▶ [Work to be completed]:
For this exercise, restate every line below word for word and drop the images.

▶ [Recorded information]:
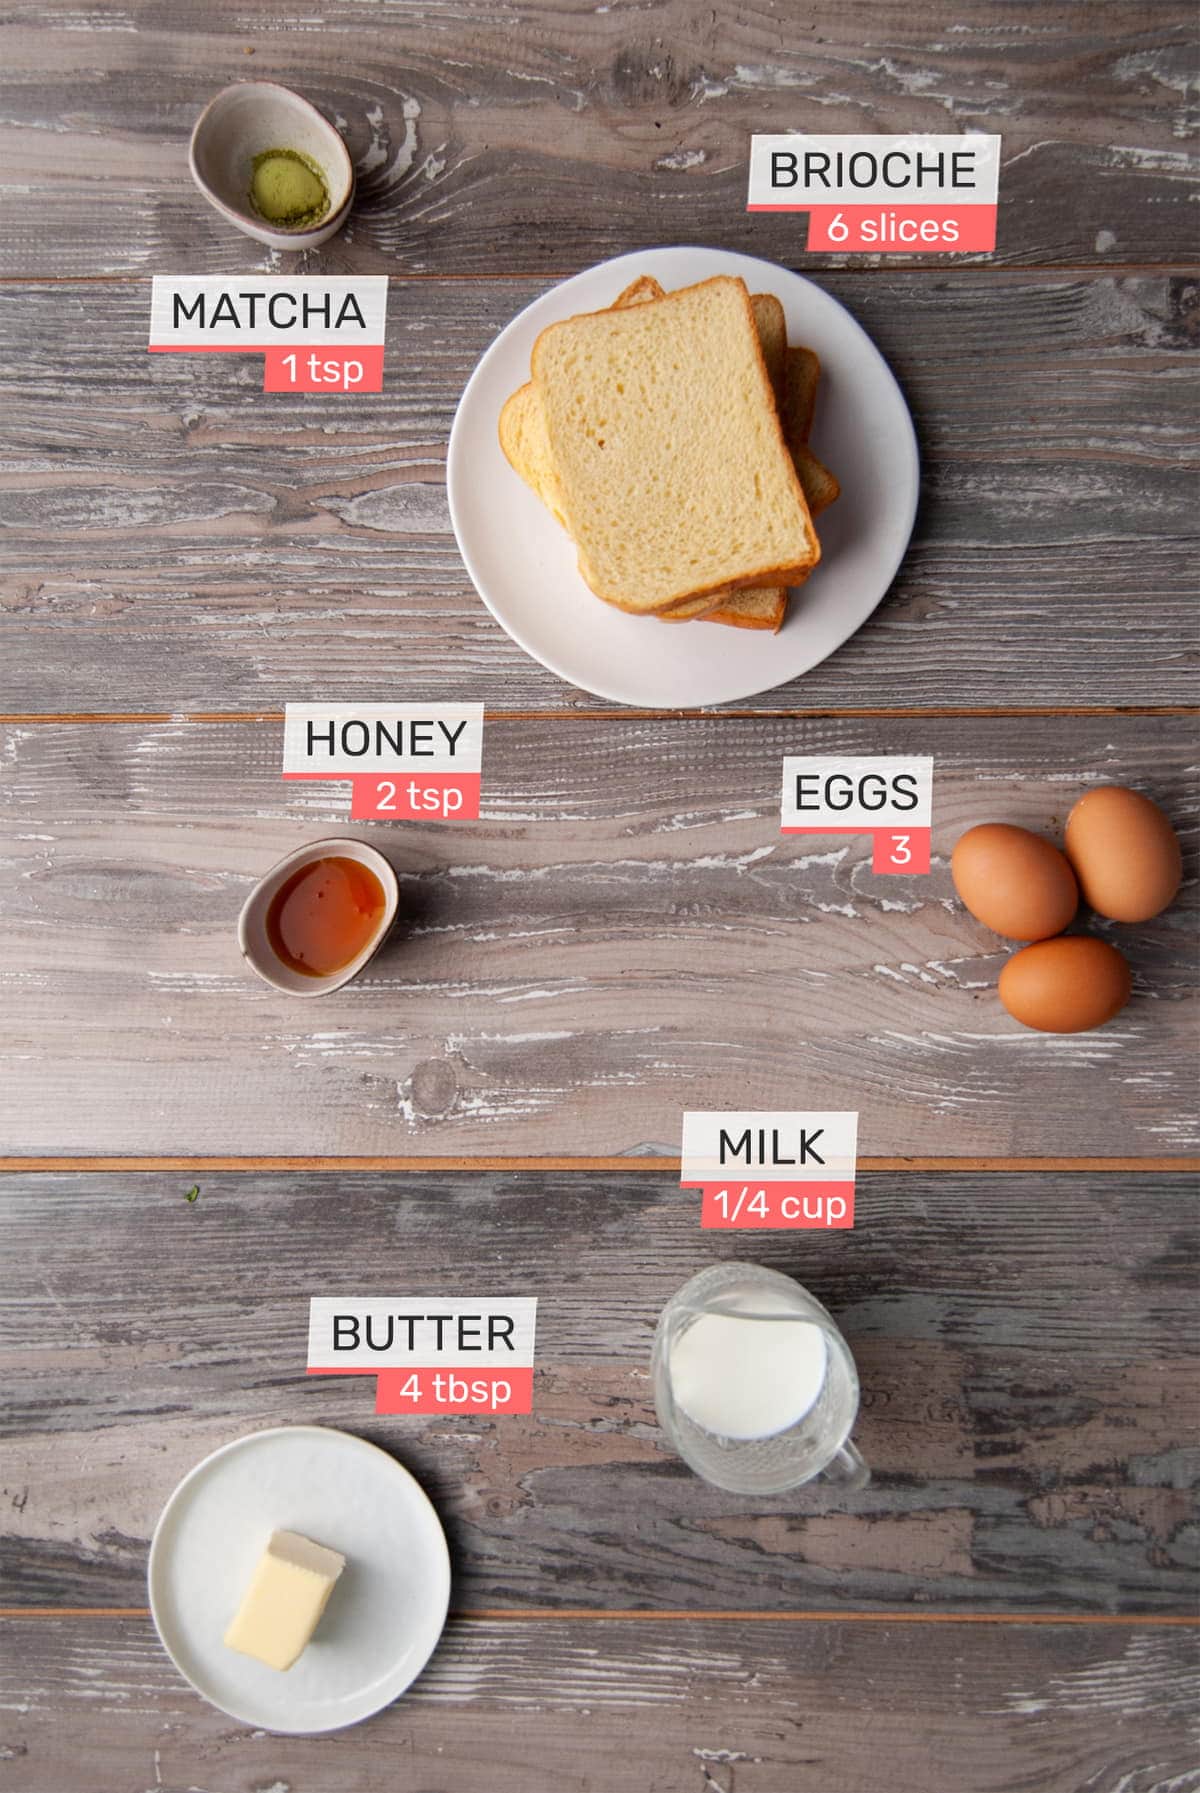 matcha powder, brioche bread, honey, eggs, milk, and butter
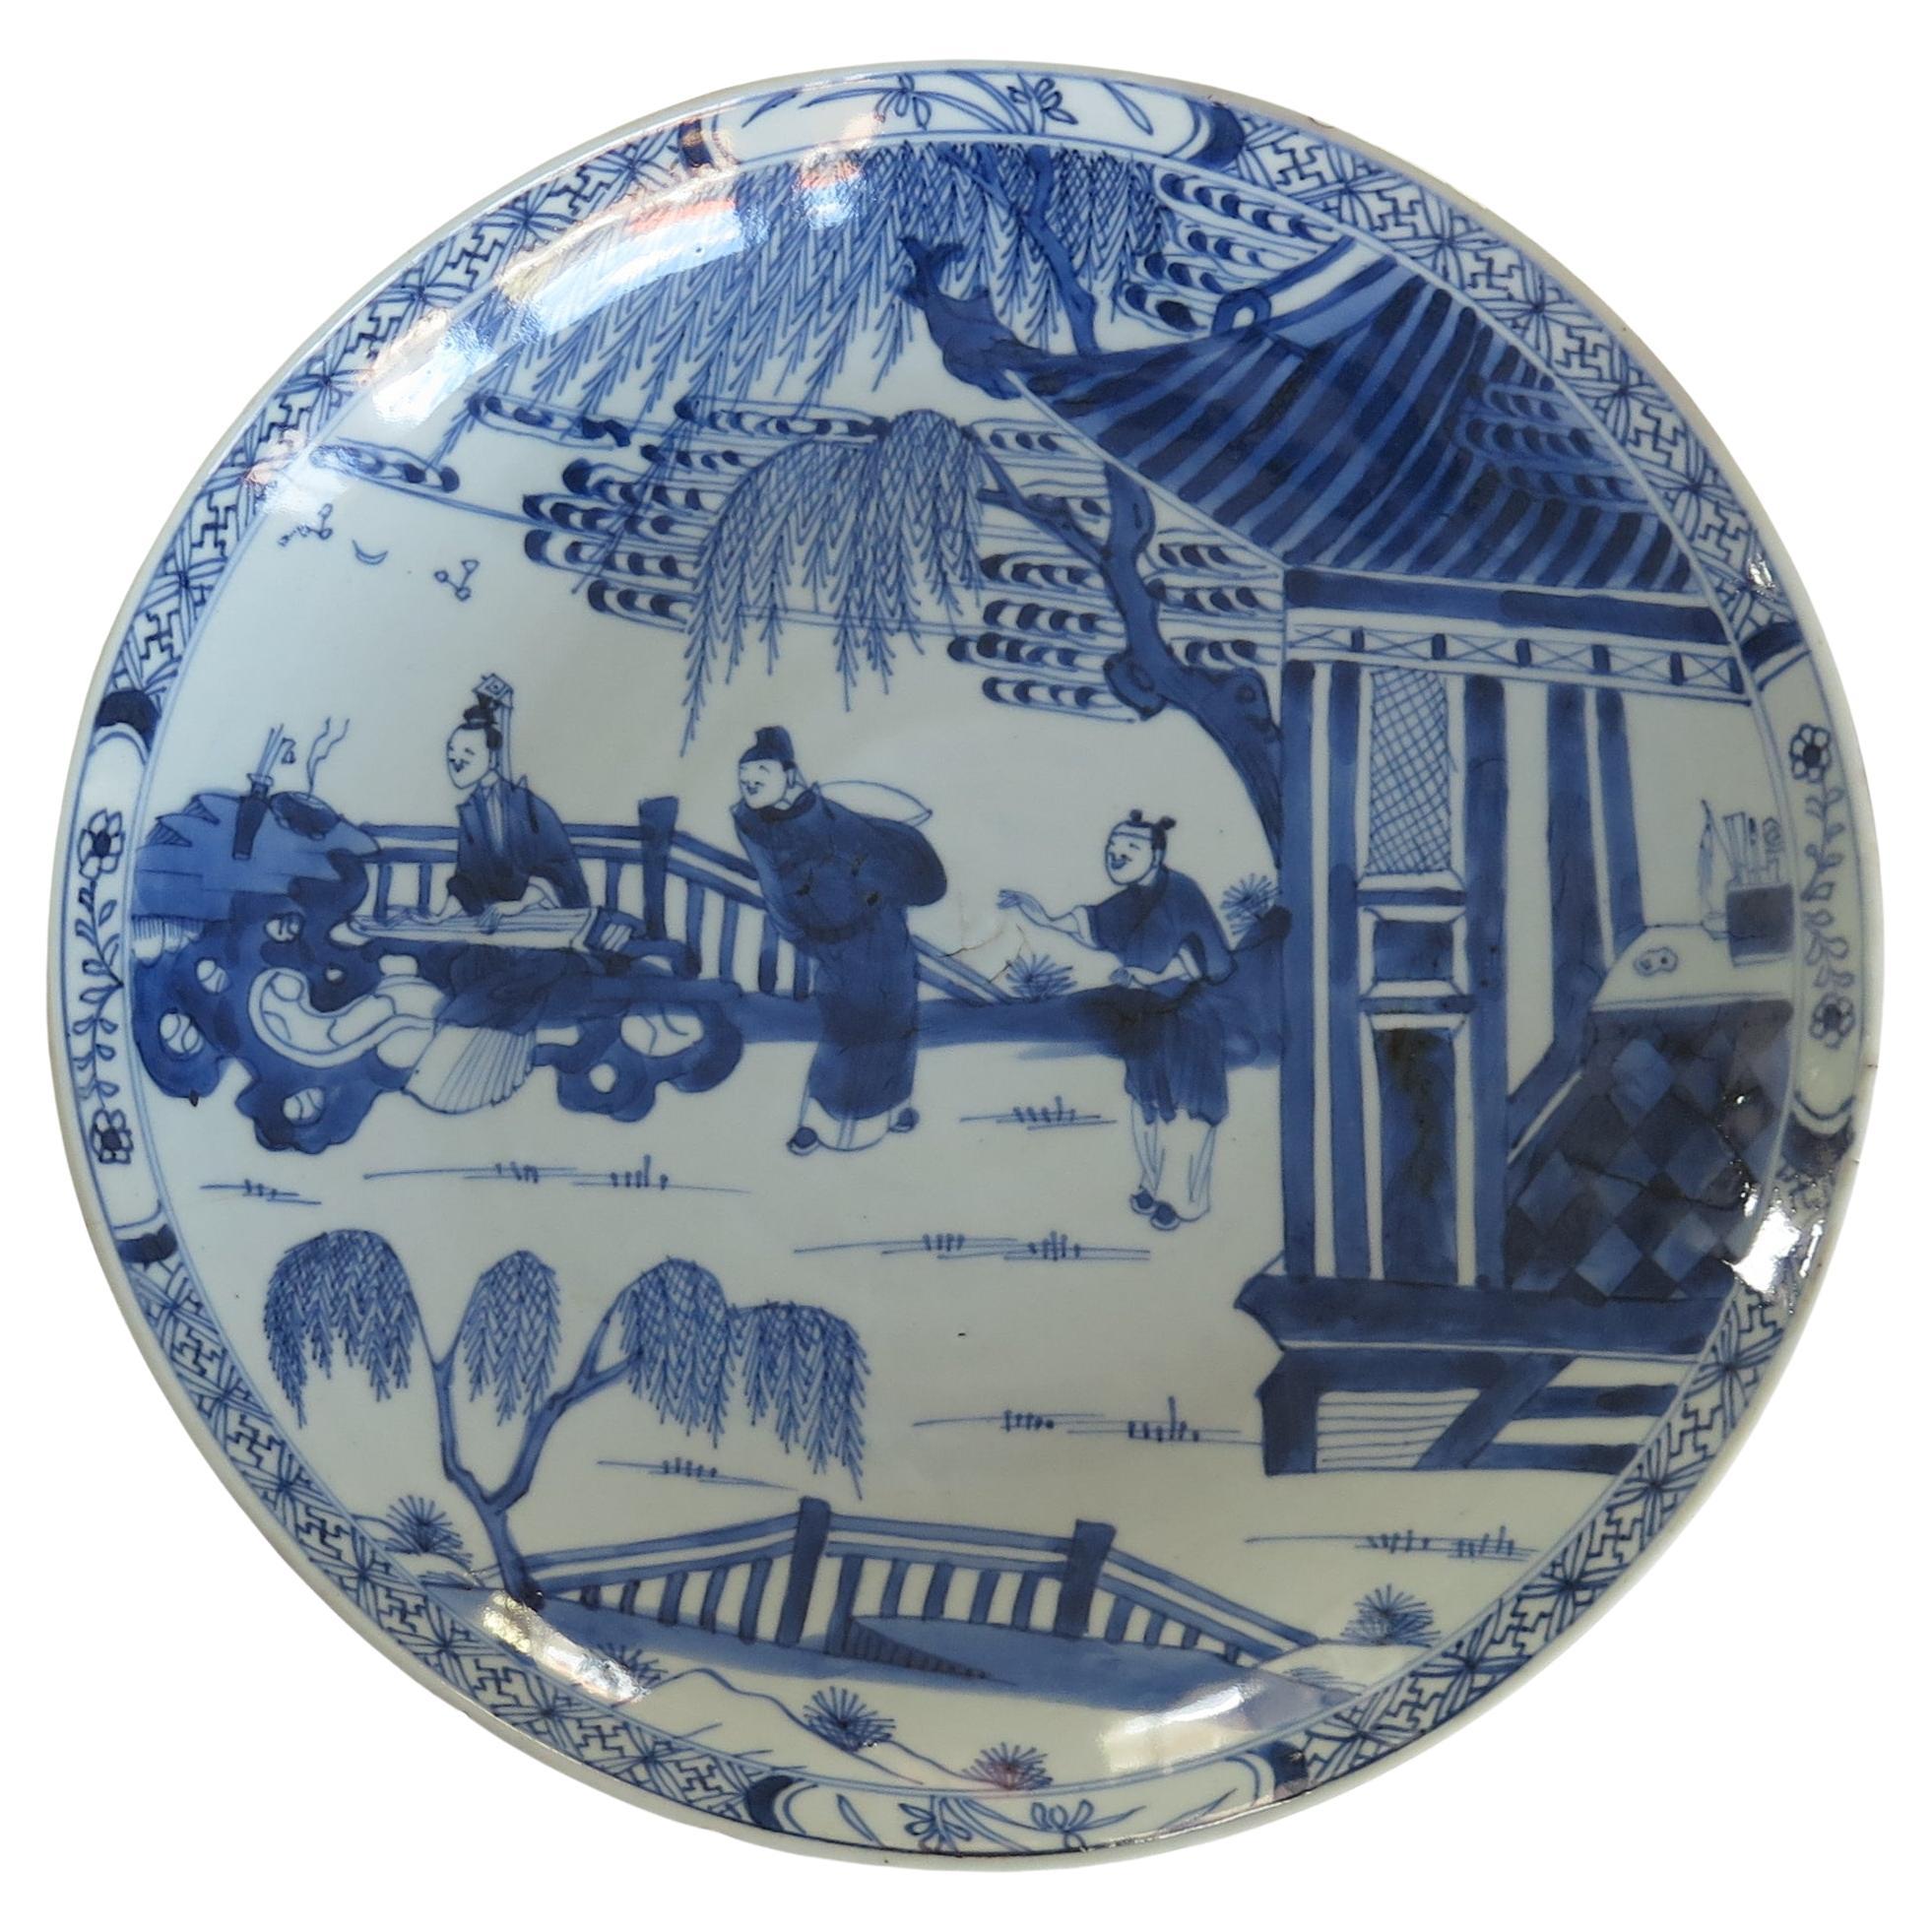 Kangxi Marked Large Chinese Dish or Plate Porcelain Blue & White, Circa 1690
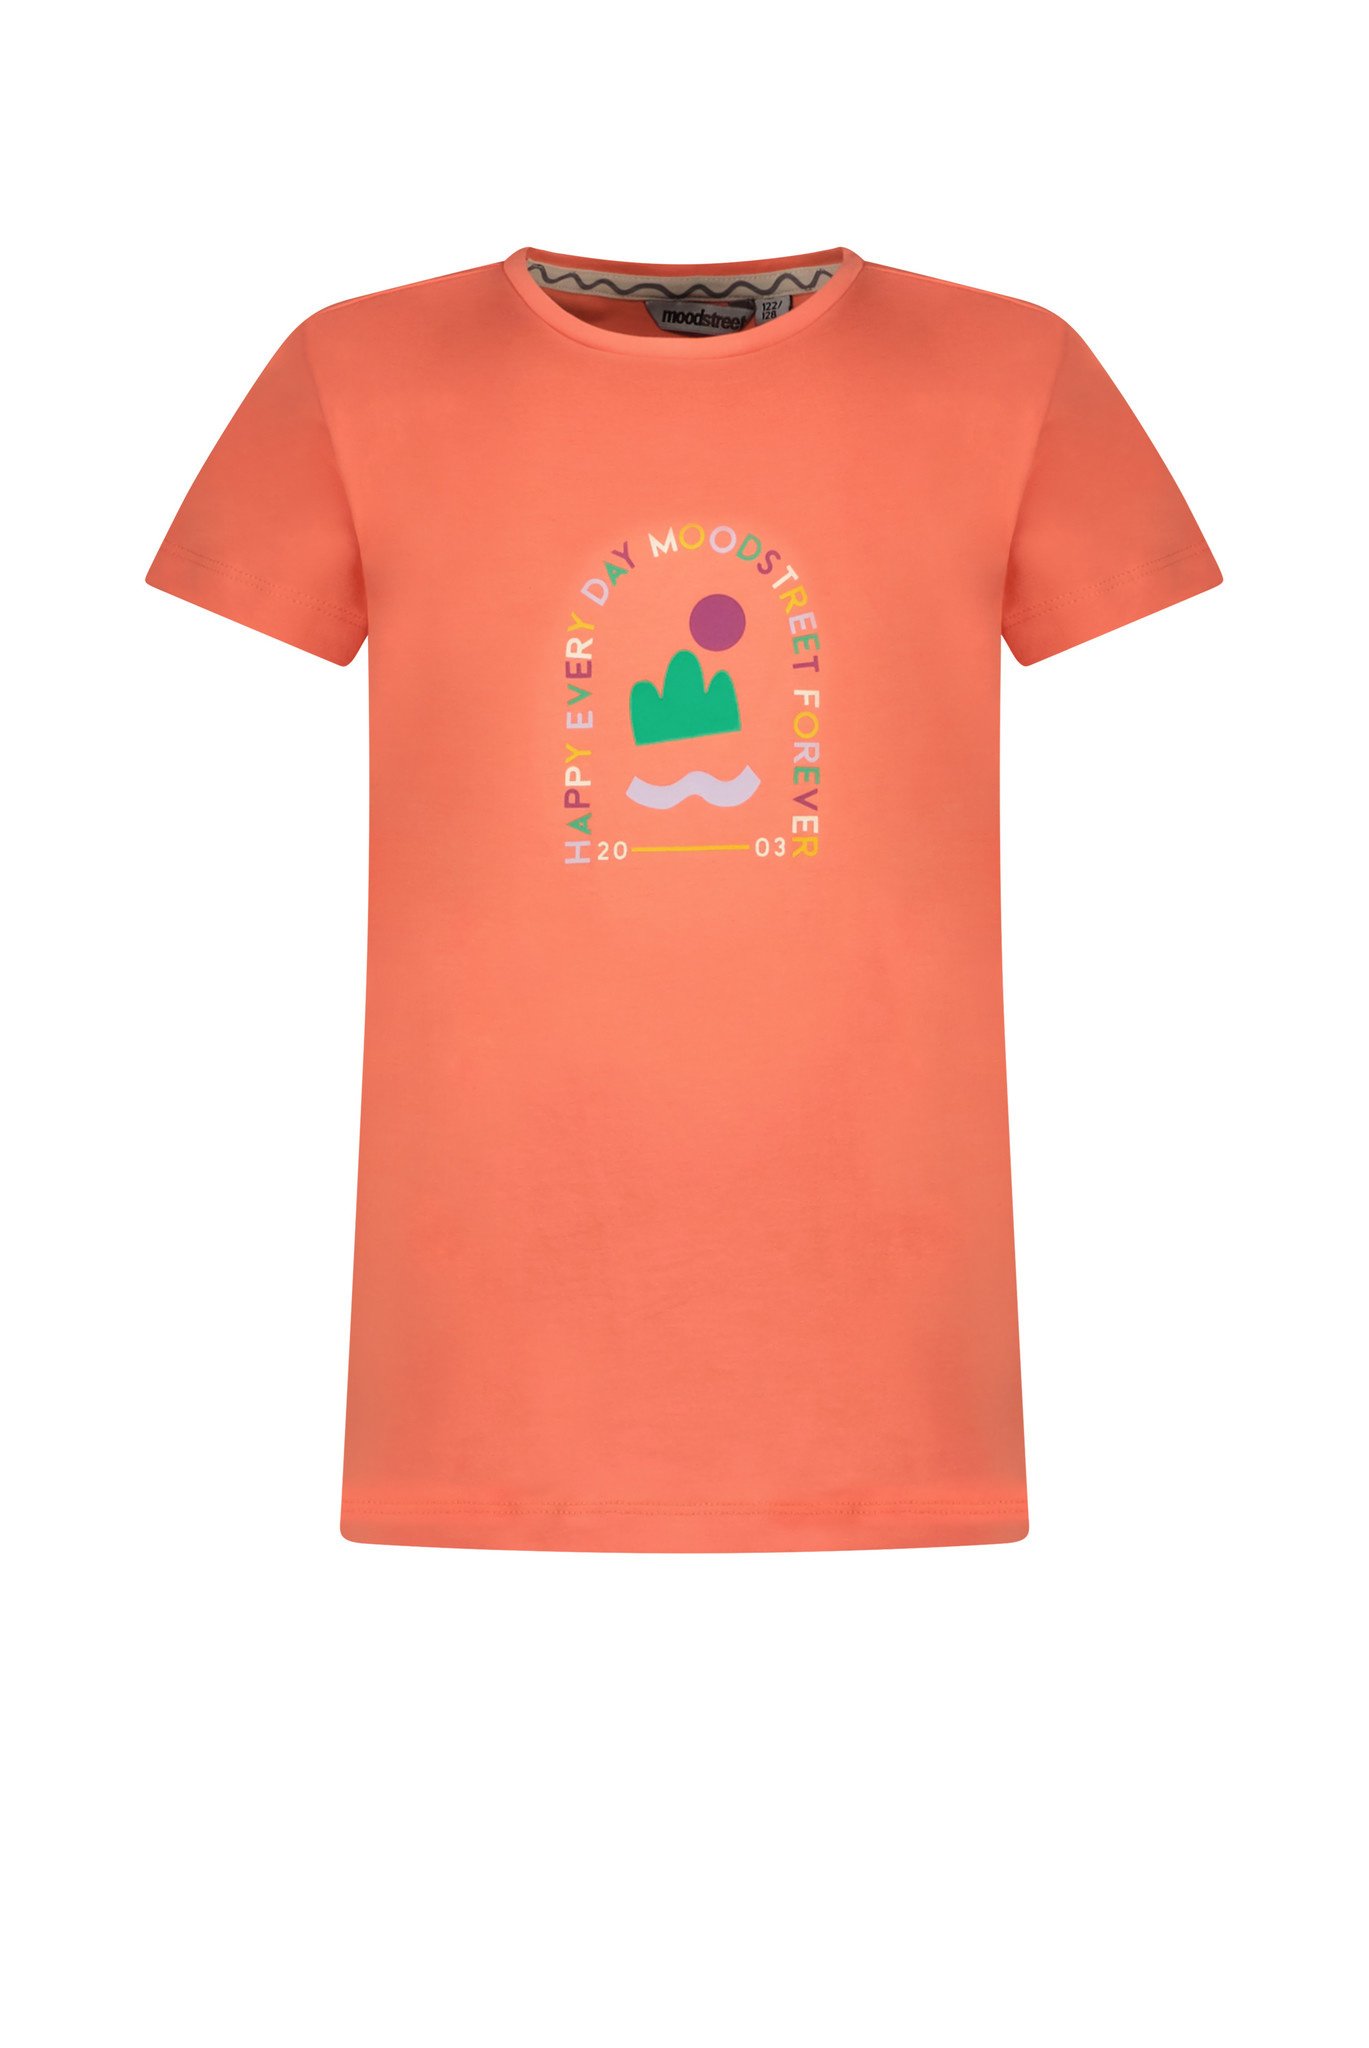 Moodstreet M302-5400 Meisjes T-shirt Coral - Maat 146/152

▶ [Solved problem]:
 matcha powder, brioche bread, honey, eggs, milk, and butter
 Kangxi Marked Large Chinese Dish or Plate Porcelain Blue & White, Circa 1690
 Moodstreet M302-5400 Meisjes T-shirt Coral - Maat 146/152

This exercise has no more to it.